## [RECORDS FOR THE EXERCISE]
....................
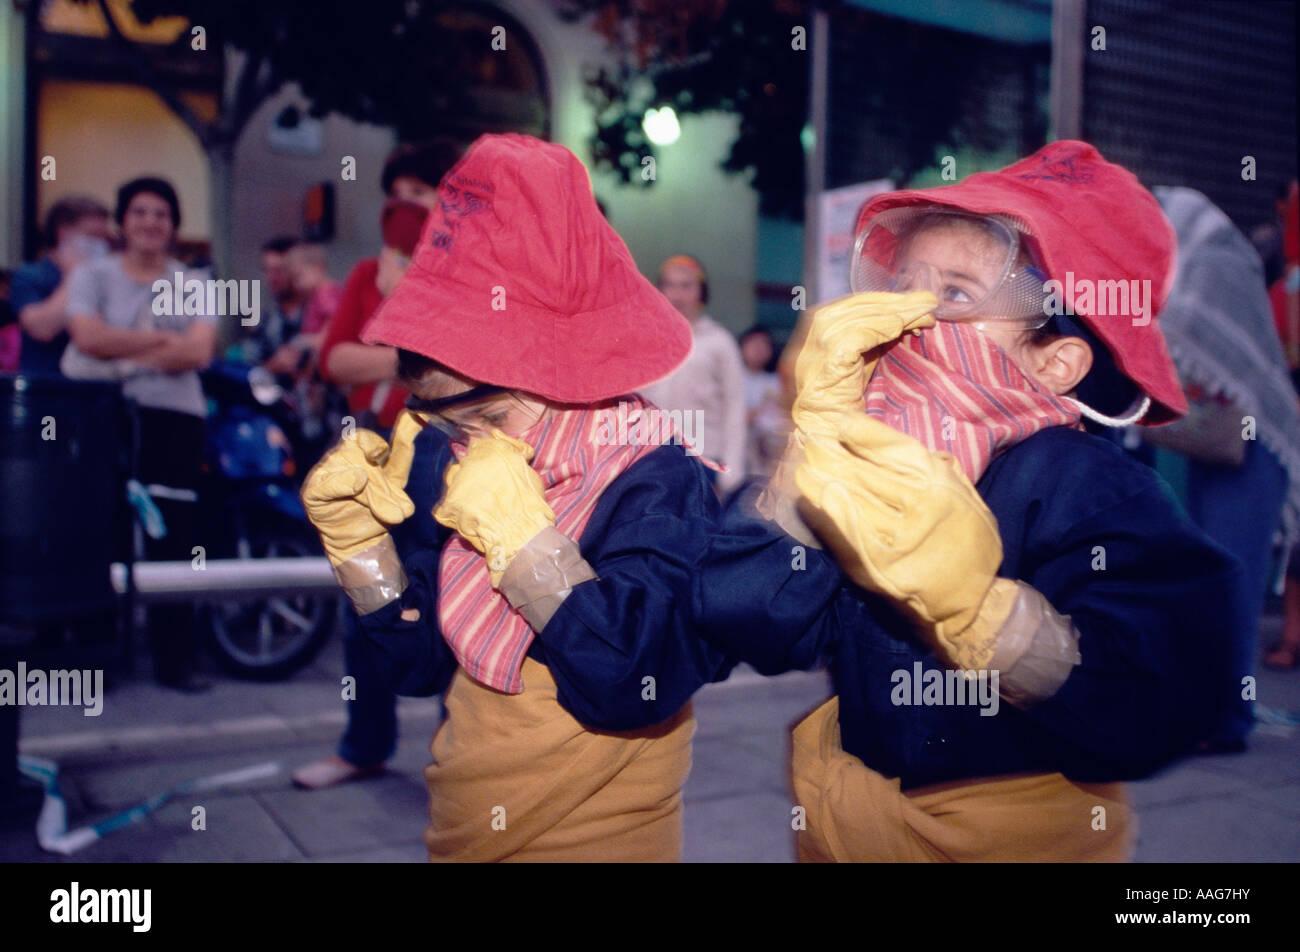 Engranaje de protección a la infancia s Correfoc Desfile Barcelona Cataluña España Foto de stock
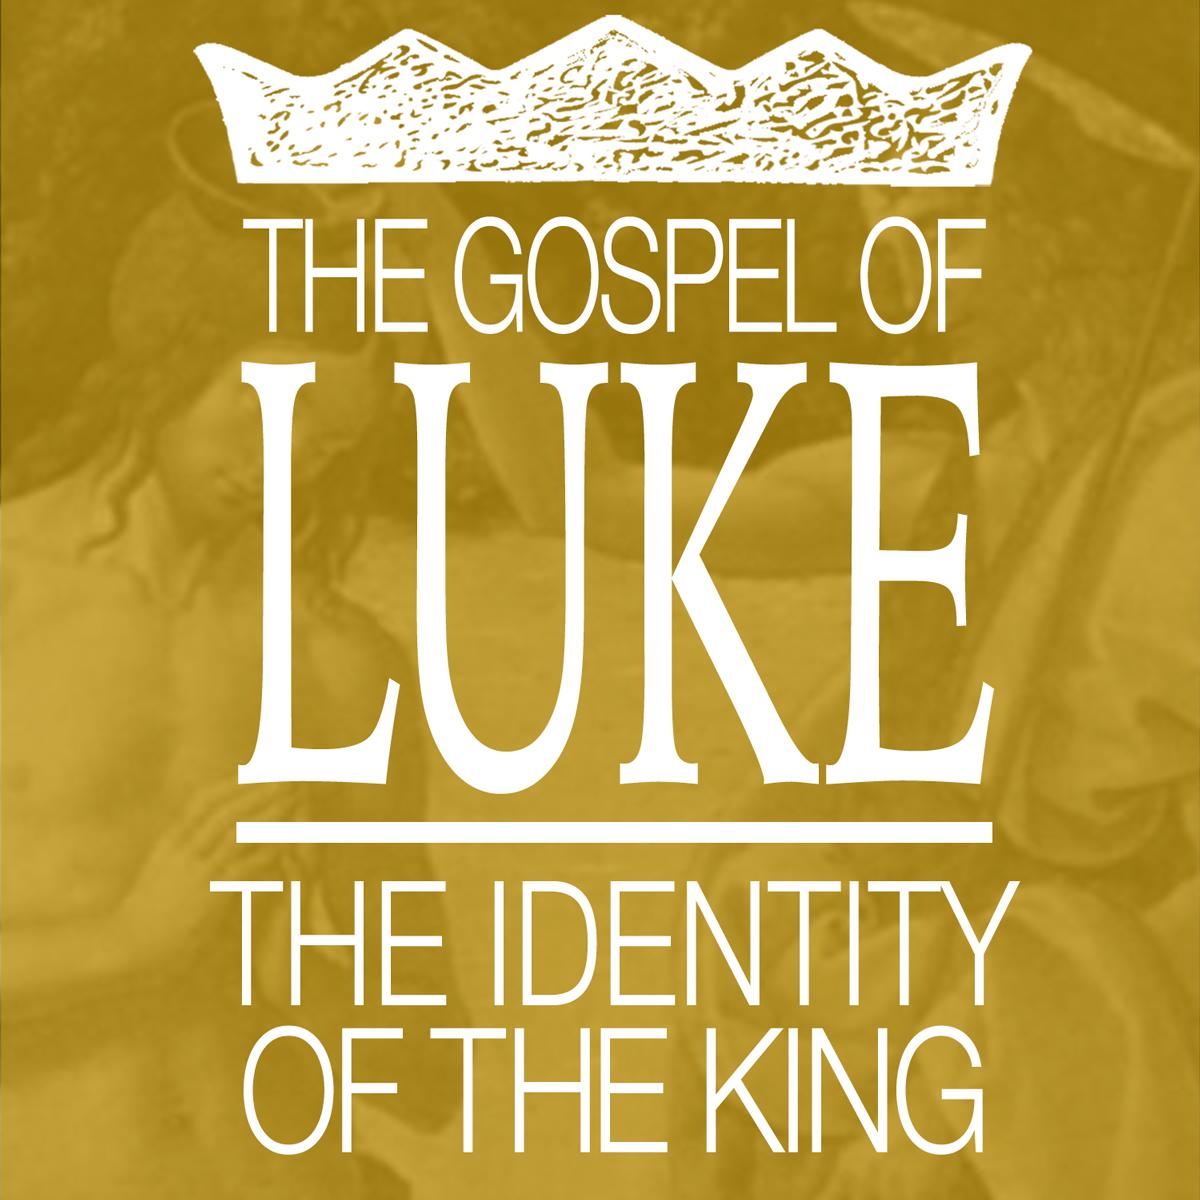 17-luke-identity-of-the-king.jpg
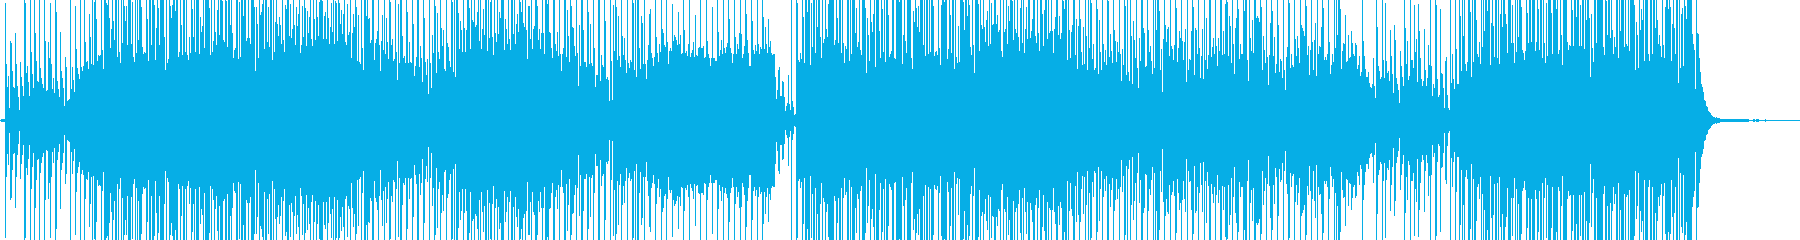 電気楽器。高騰、インスピレーション...の再生済みの波形
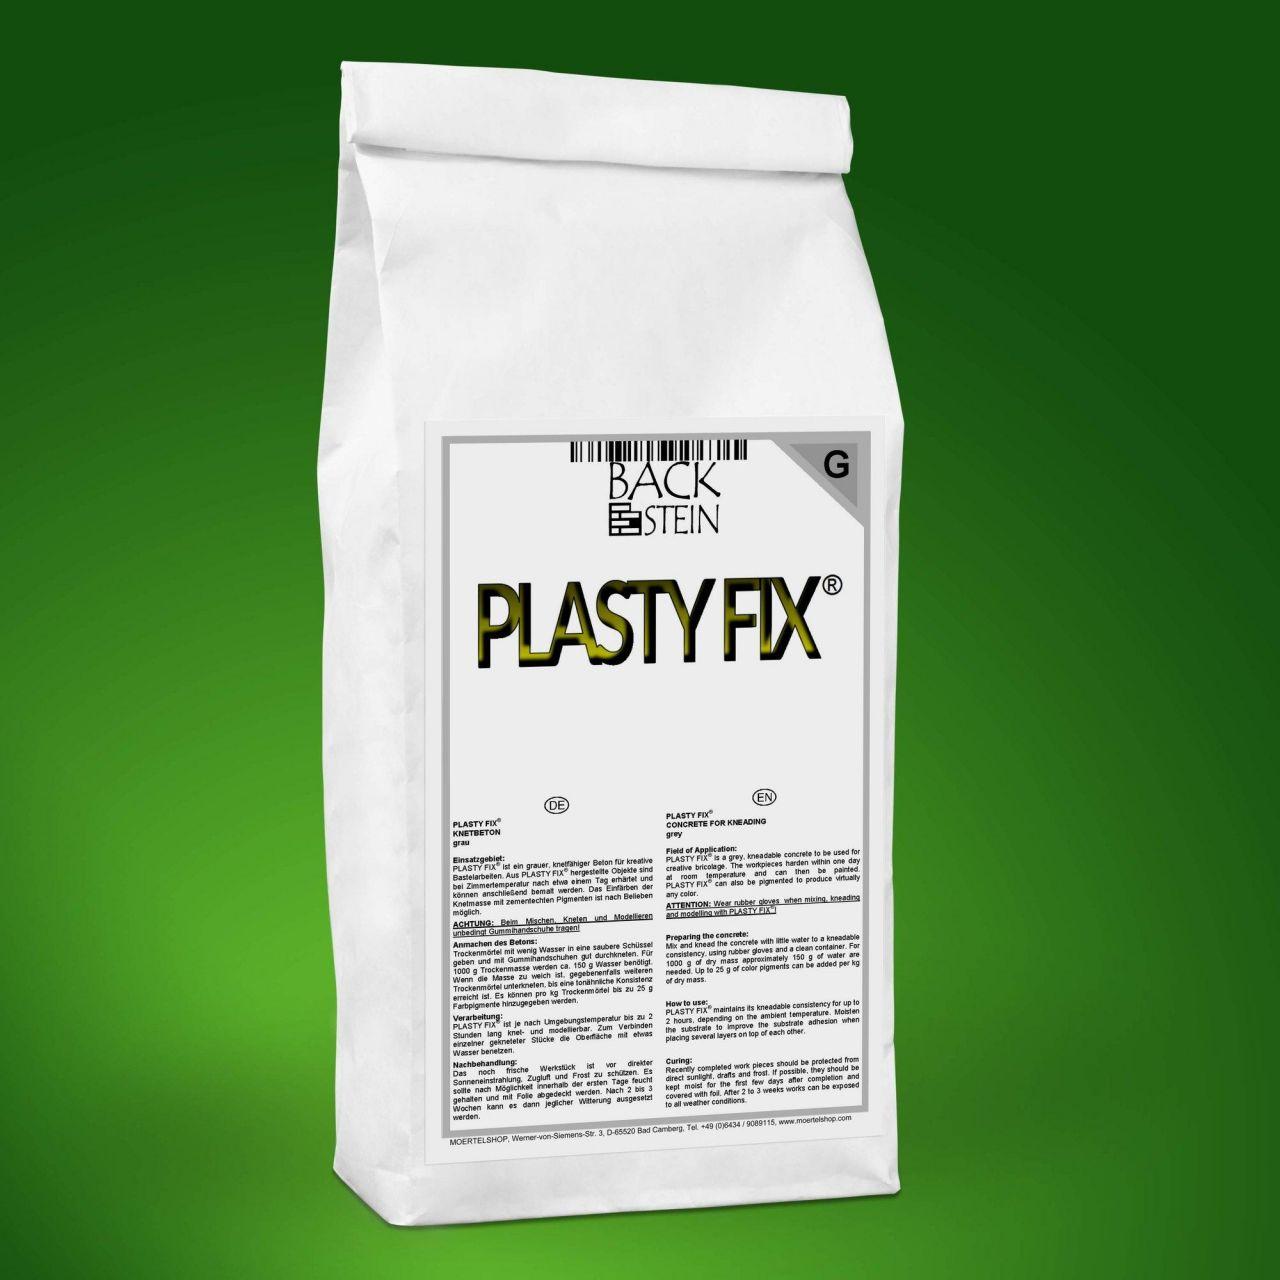 PLASTY FIX Knetbeton grau - Auswahl: 25kg
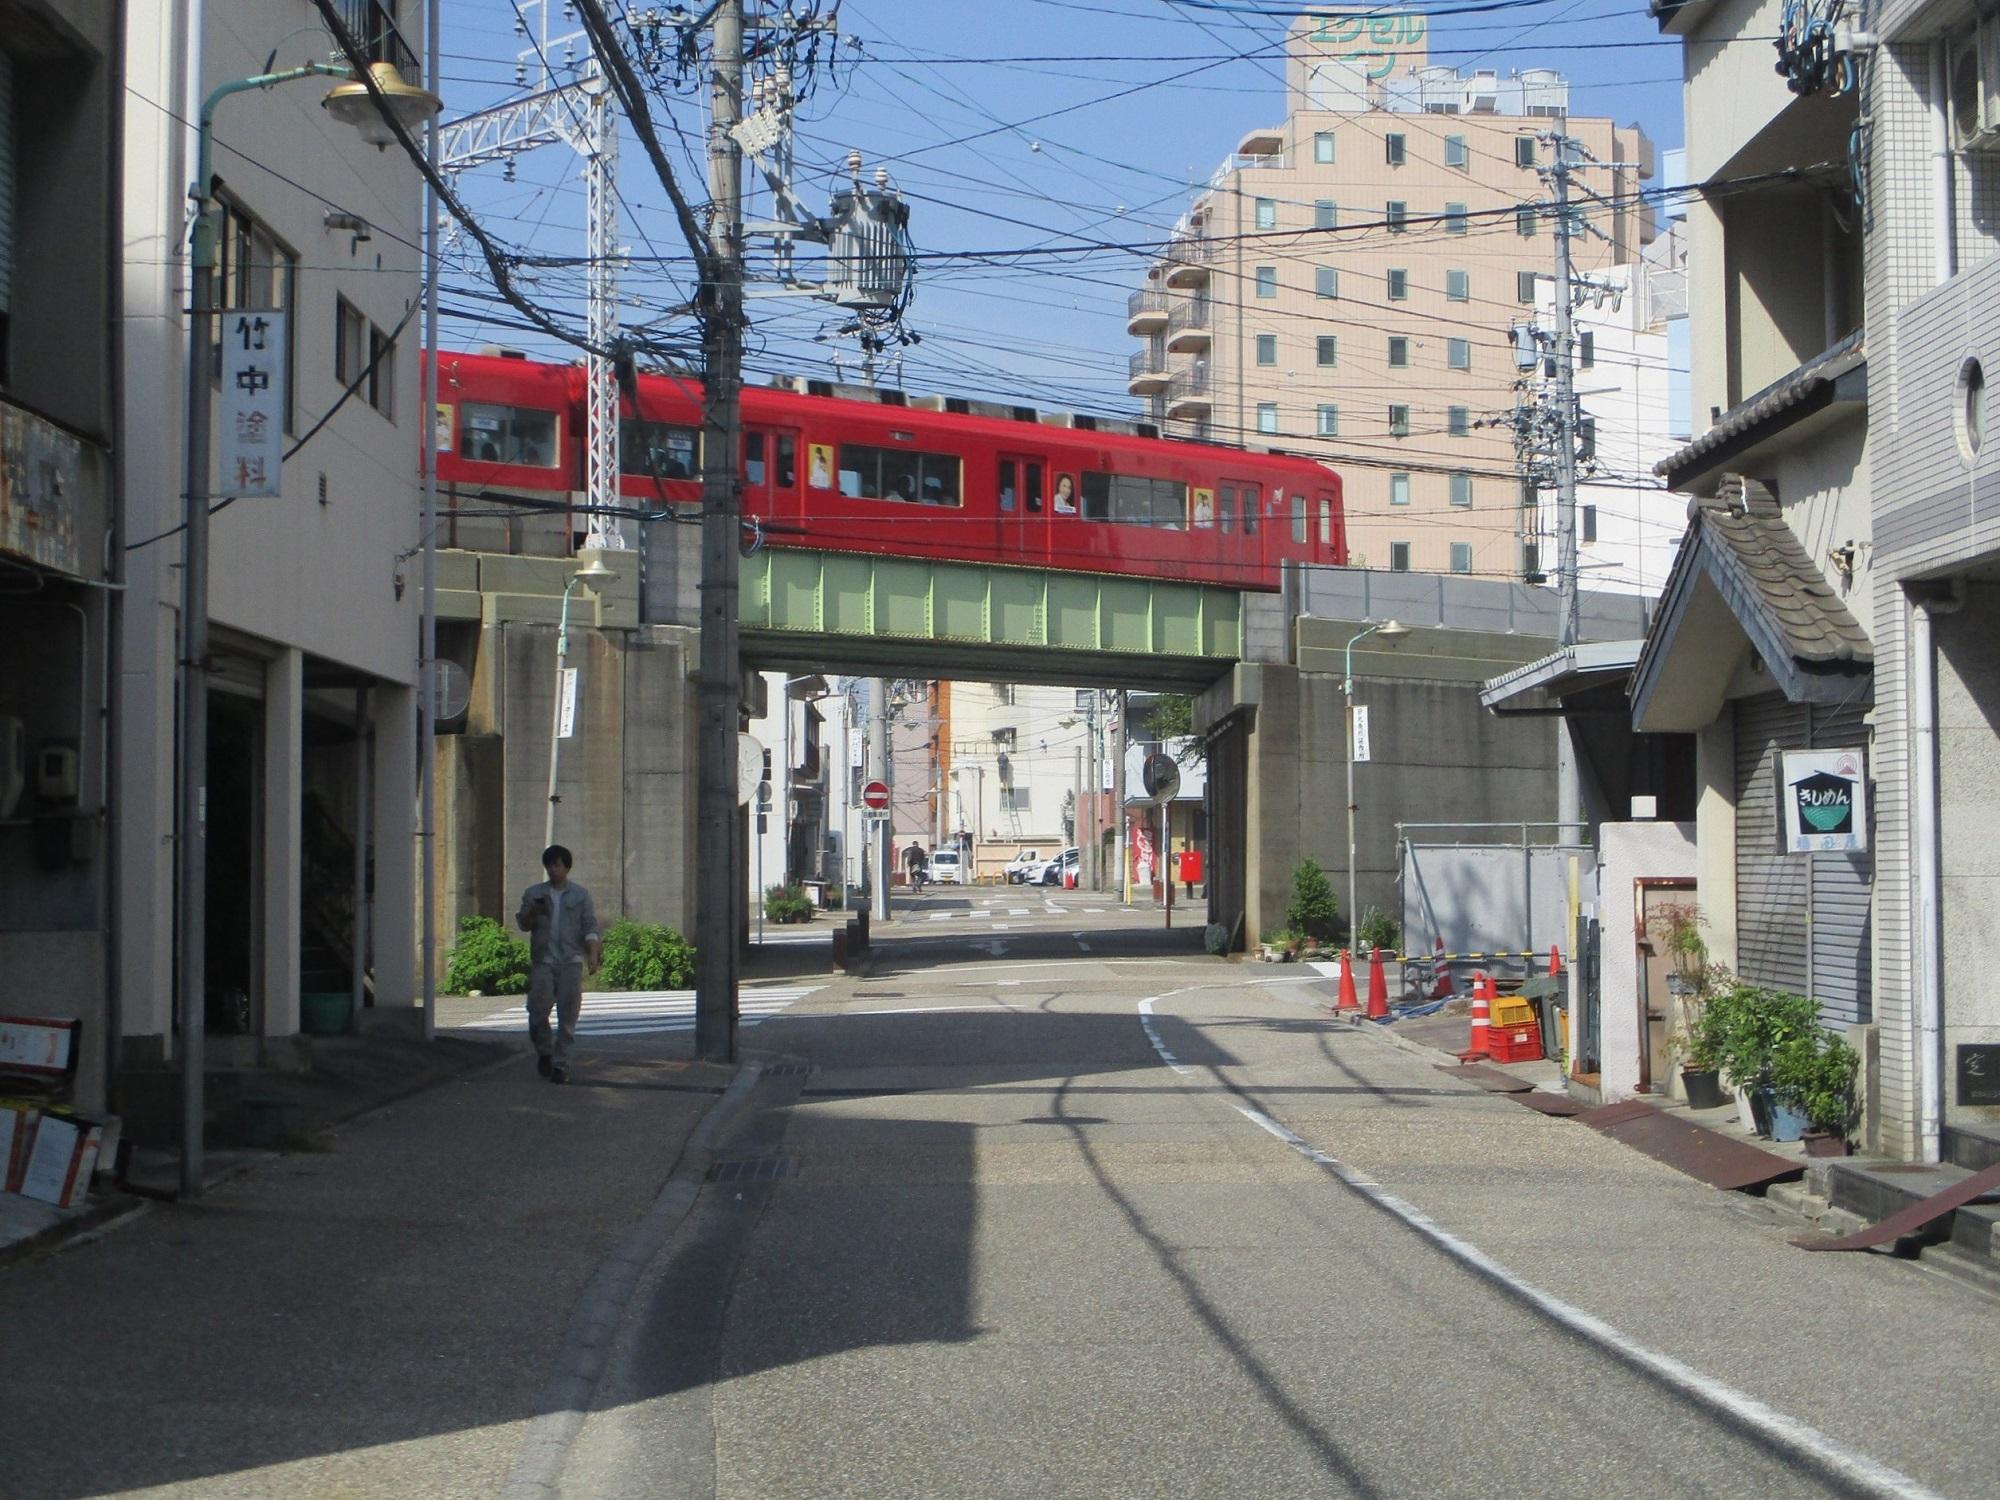 2019.10.31 (17) 東海道 - 常滑線高架 2000-1500
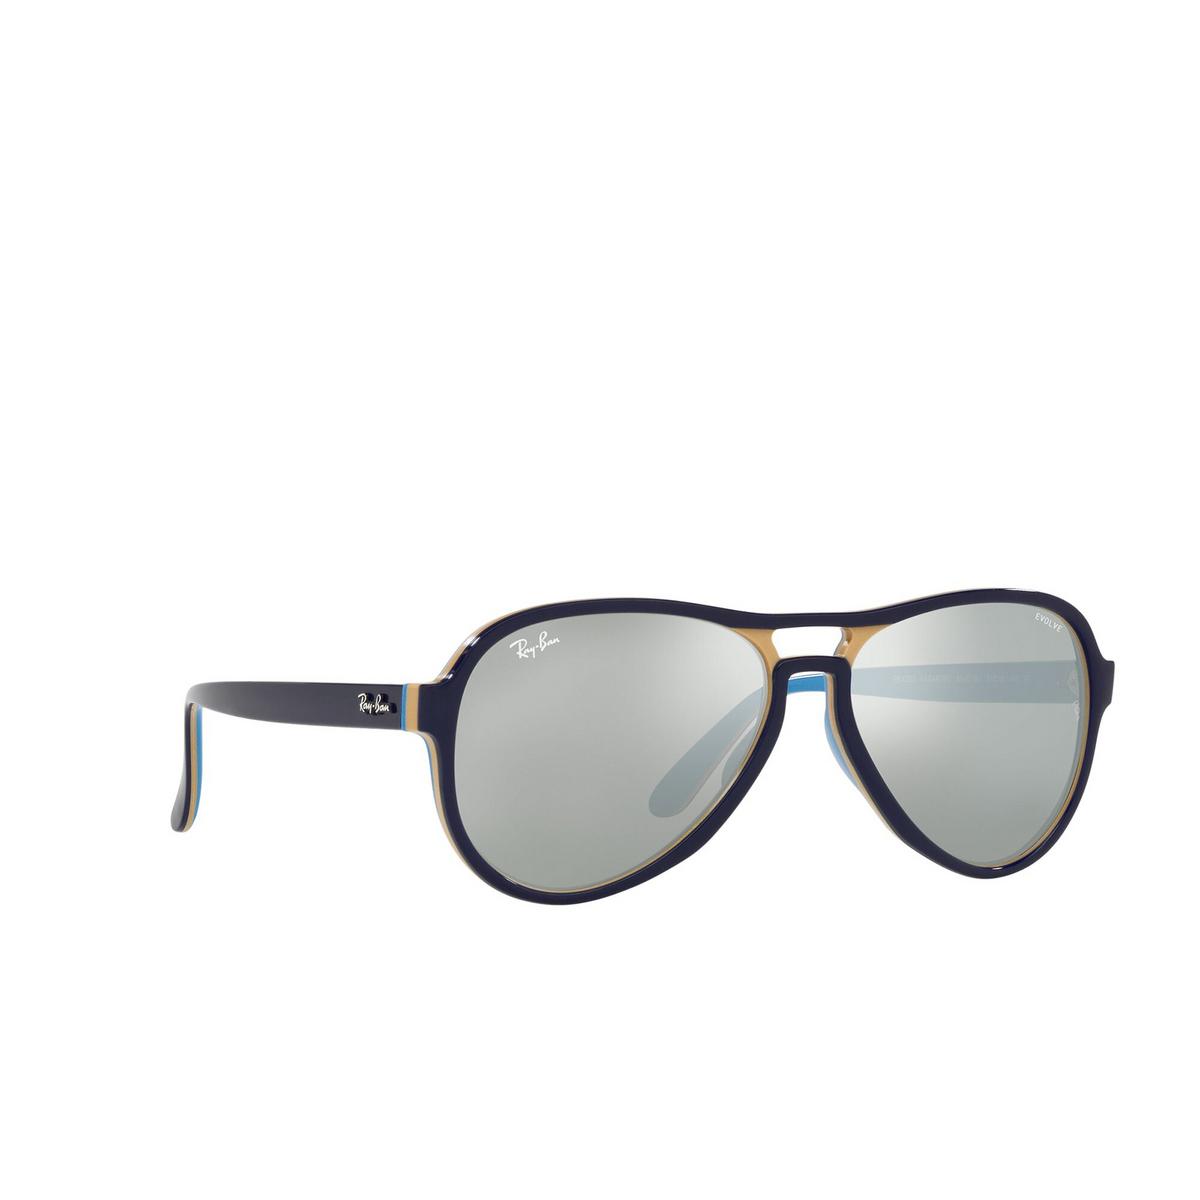 Ray-Ban® Aviator Sunglasses: Vagabond RB4355 color Blue Creamy Light Blue 6546W3 - three-quarters view.
....................
Whenever you reach a picture, pass over it; print all the other material exactly.

 Engranaje de protección a la infancia s Correfoc Desfile Barcelona Cataluña España Foto de stock
 17-luke-identity-of-the-king.jpg
 電気楽器。高騰、インスピレーション...の再生済みの波形
 PLASTY FIX Knetbeton grau - Auswahl: 25kg
 2019.10.31 (17) 東海道 - 常滑線高架 2000-1500
 Ray-Ban® Aviator Sunglasses: Vagabond RB4355 color Blue Creamy Light Blue 6546W3 - three-quarters view.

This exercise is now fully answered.